Una vita nel mistero
La prima impressione che si prova dinanzi al lungometraggio d’esordio – realizzato con il patrocinio del comune di Manfredonia – di Stefano Simone, proveniente dall’affollatissimo universo dei corti indipendenti, è quella di trovarsi alle prese con la visione di uno dei cosiddetti lacrima-movie, i quali individuano uno dei loro massimi esempi ne "L’ultima neve di primavera", diretto nel 1973 da Raimondo Del Balzo.

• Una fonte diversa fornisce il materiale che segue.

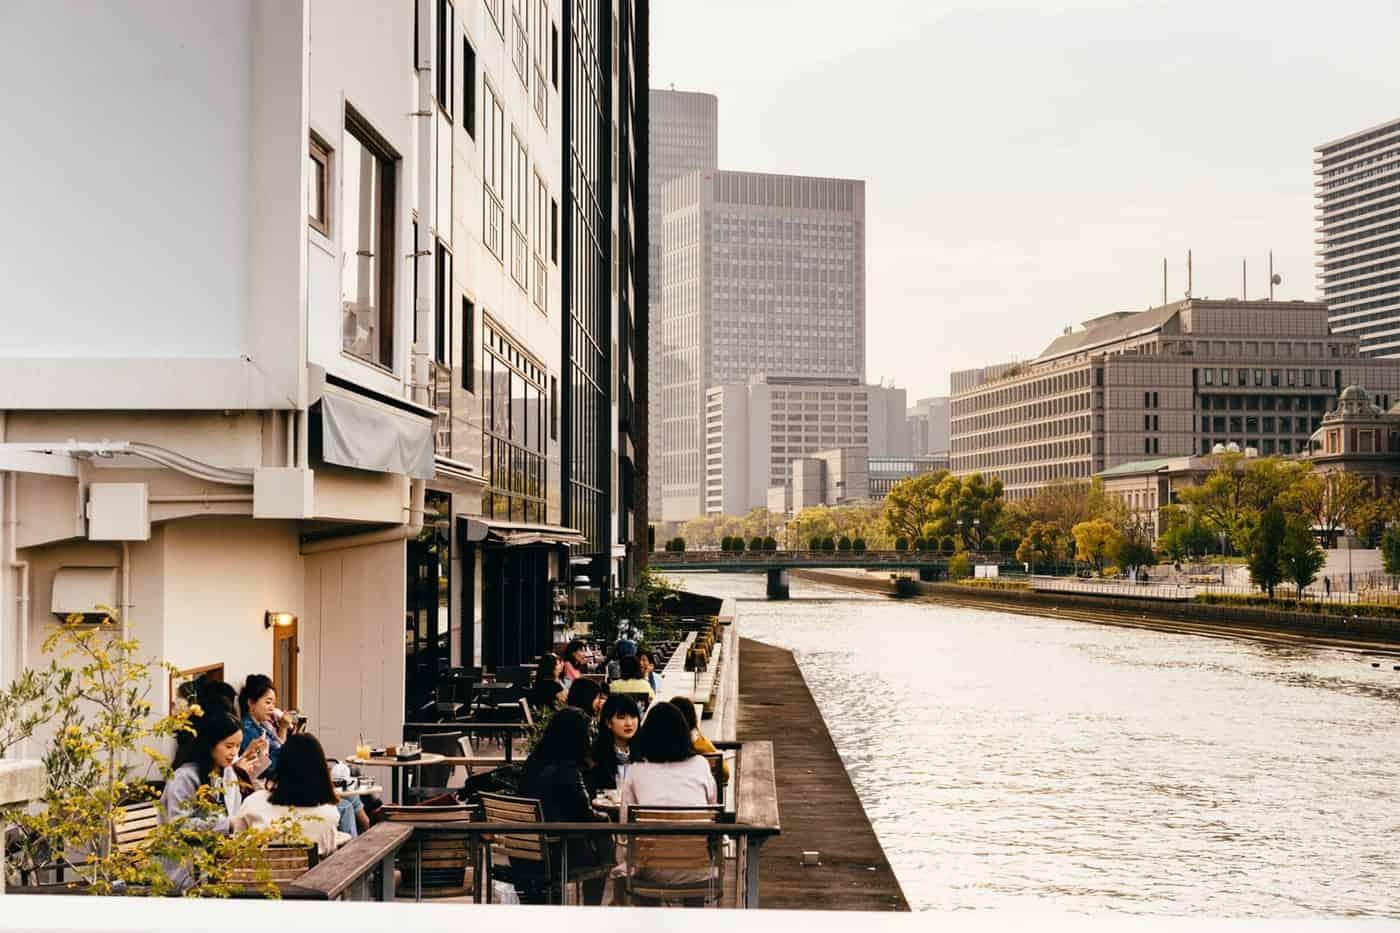 Cafe hopping in Osaka

Infatti, dopo l’apertura accompagnata dalla frase del teologo francese Blaise Pascal "Il cuore ha le sue ragioni che la ragione non conosce", è con Angelo Sormani che facciamo conoscenza, il quale, con le fattezze di Tonino Pesante, scopriamo presto essere afflitto dal pensiero del tumore maligno al seno che, a quanto pare, potrebbe portare presto alla morte la moglie Antonietta, interpretata da Dina Valente.
Ma, per la fortuna dello spettatore, la vicenda non impiega molto a prendere tutt’altra piega, tirando in ballo nella vita dei due protagonisti quelli che, se inizialmente non sembrano altro che fatti casuali, non tardano a rivelarsi fenomeni legati alla devozione verso Padre Pio.

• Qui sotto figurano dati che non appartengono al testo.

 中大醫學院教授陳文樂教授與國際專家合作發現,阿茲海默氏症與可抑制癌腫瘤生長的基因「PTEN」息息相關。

E, al di là della presenza di altri personaggi secondari, sono le non disprezzabili musiche proto-Vangelis di Luca Ariemma ad accompagnare i circa 86 minuti di visione che, pur sfoggiando qualche economico effetto visivo al fine di rendere al meglio i vari accenni da thriller ultraterreno, rientrano in maniera evidente nel filone delle opere biografiche (il film è ispirato a una storia vera) incentrate sul tema della fede.

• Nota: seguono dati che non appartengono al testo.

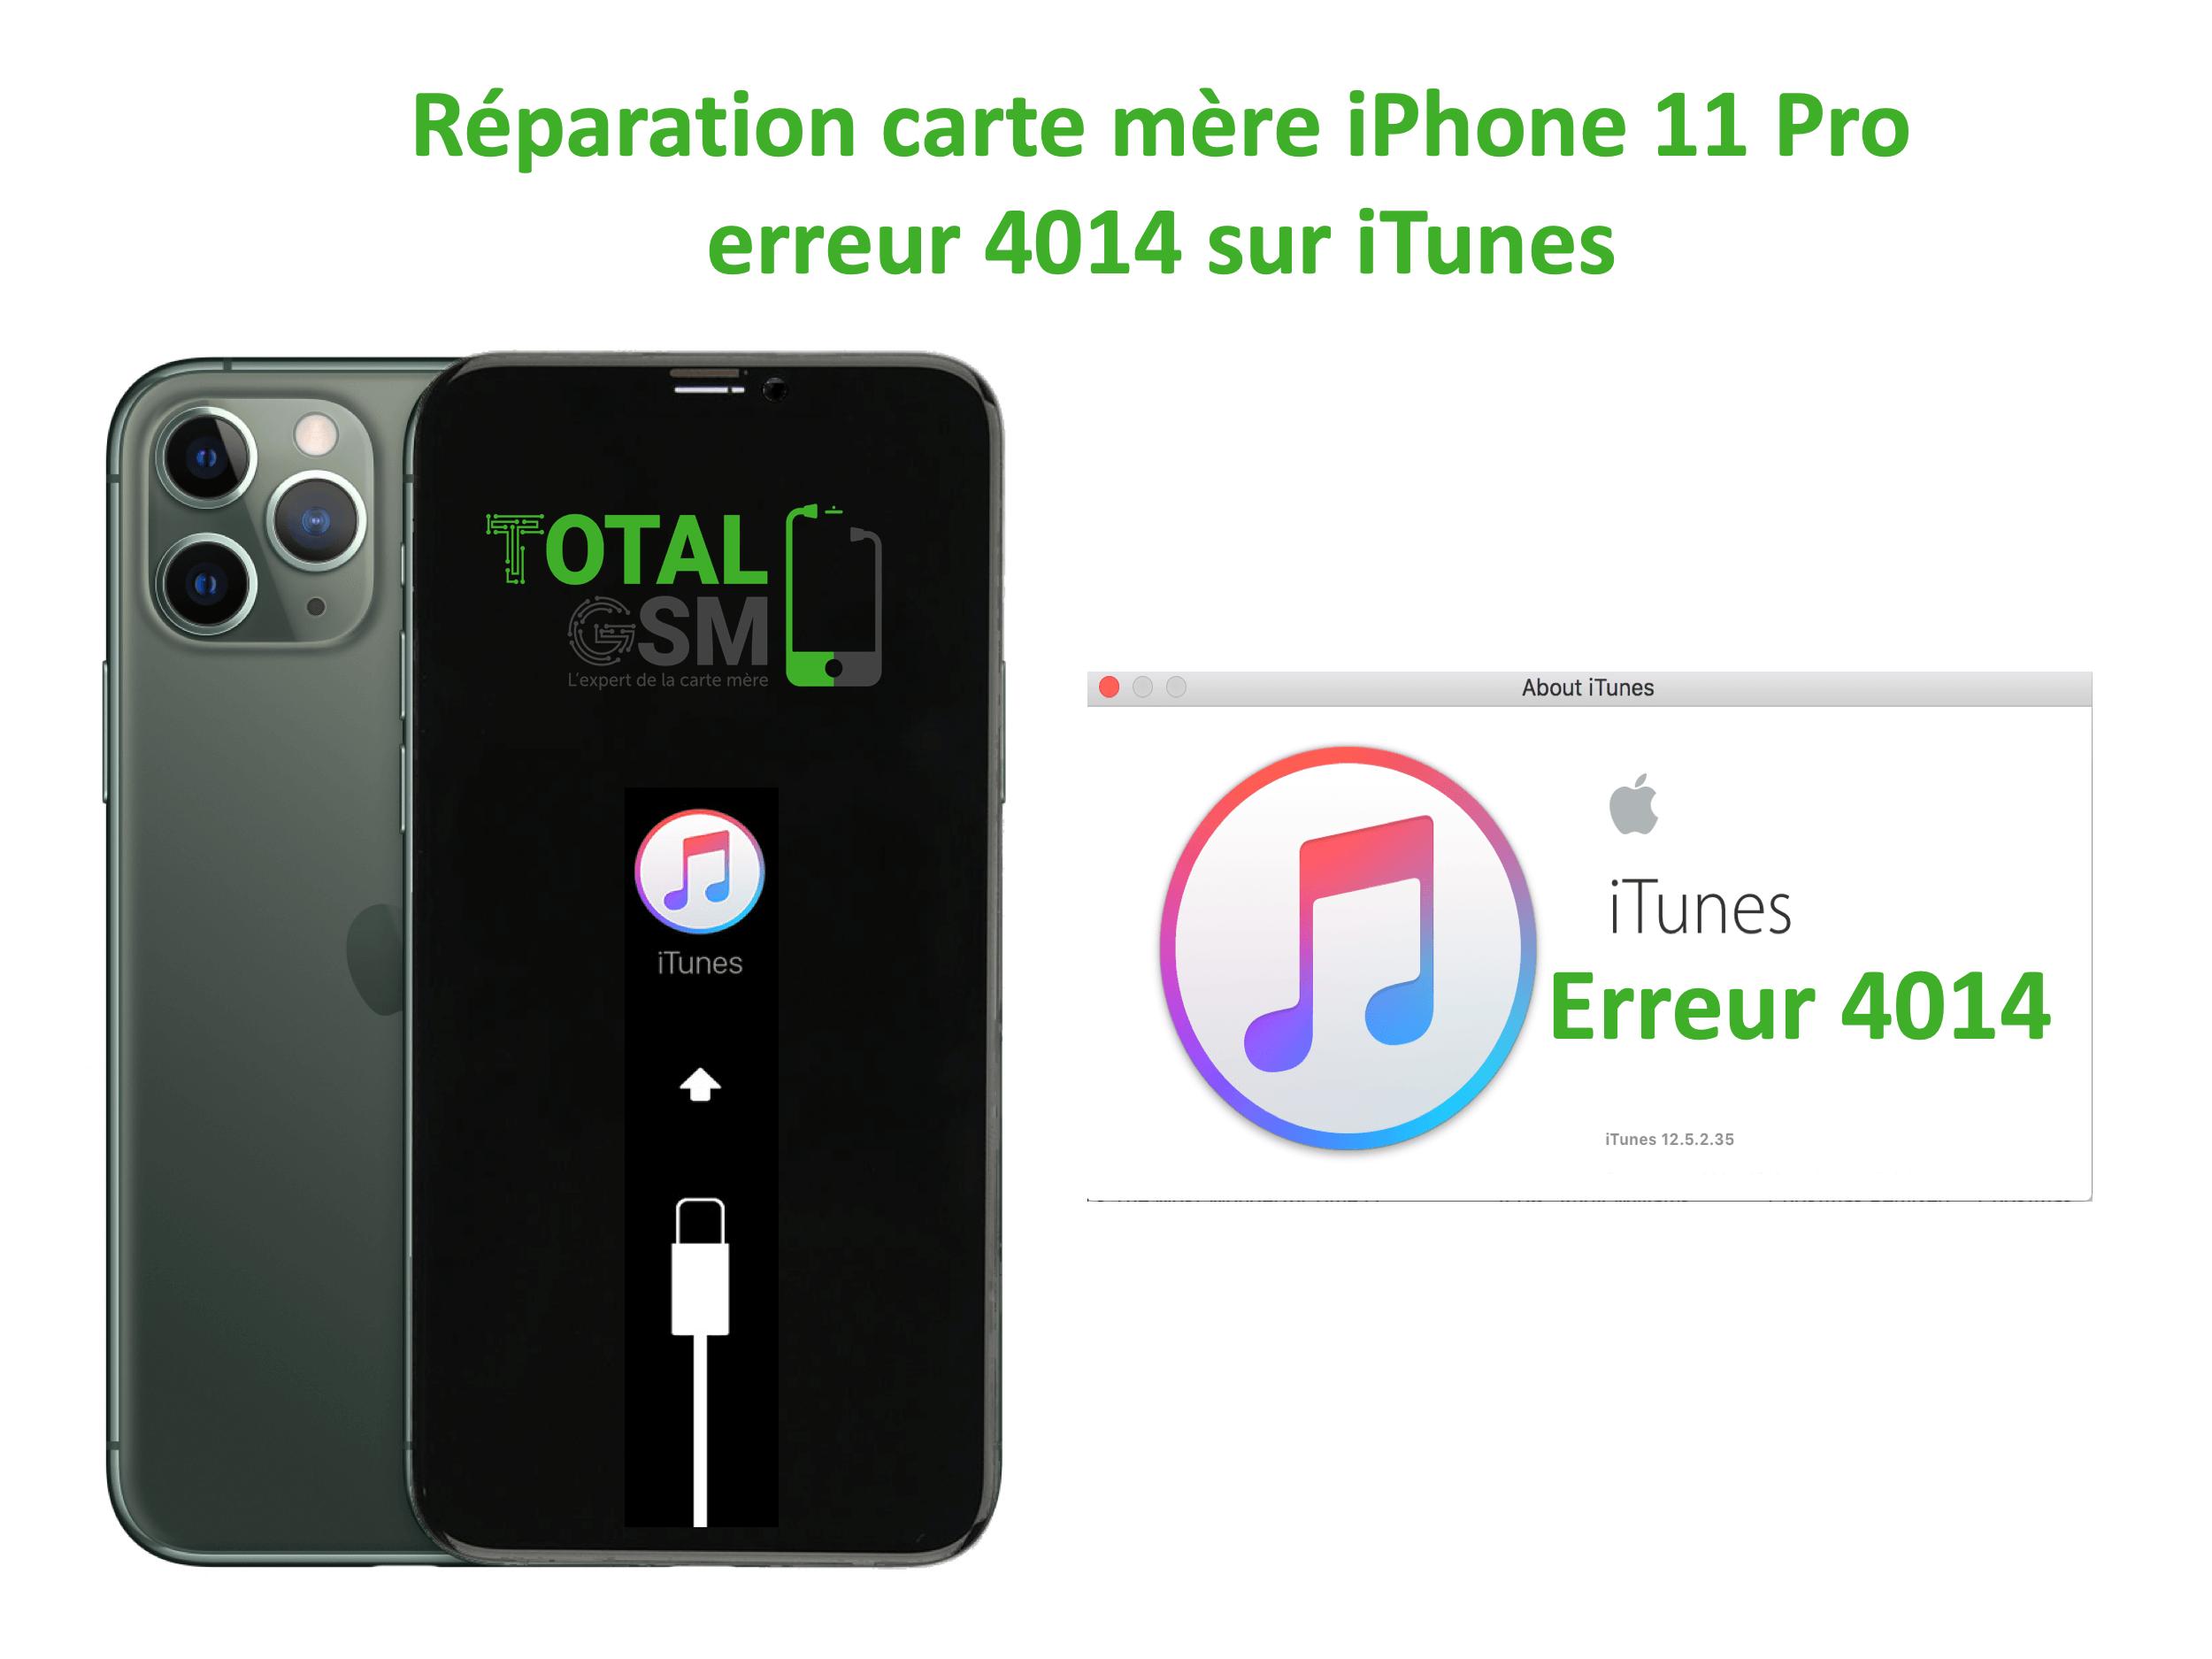 iPhone-11-pro-reparation-probleme-erreur-4014-sur-itunes

Circa 86 minuti di visione i cui difetti possono essere al massimo ricondotti ad una recitazione non sempre convincente e alla qualità visiva del digitale che, come spesso avviene nel caso delle operazioni a basso budget, finisce per conferire all’insieme un look generale che lo rende non troppo distante da quello che caratterizza le soap tv.
Per il resto, complici il montaggio e la camera di ripresa sfruttati nella giusta maniera, l’esordio di Simone, nonostante i lenti ritmi di racconto, coinvolge e non annoia affatto, dimostrando di funzionare a dovere dal punto di vista narrativo. Come dovrebbero fare tutti i prodotti destinati al grande e piccolo schermo.

La frase: "Ho avuto paura, lo ammetto, all’inizio ho pensato si trattasse di qualcosa di diabolico".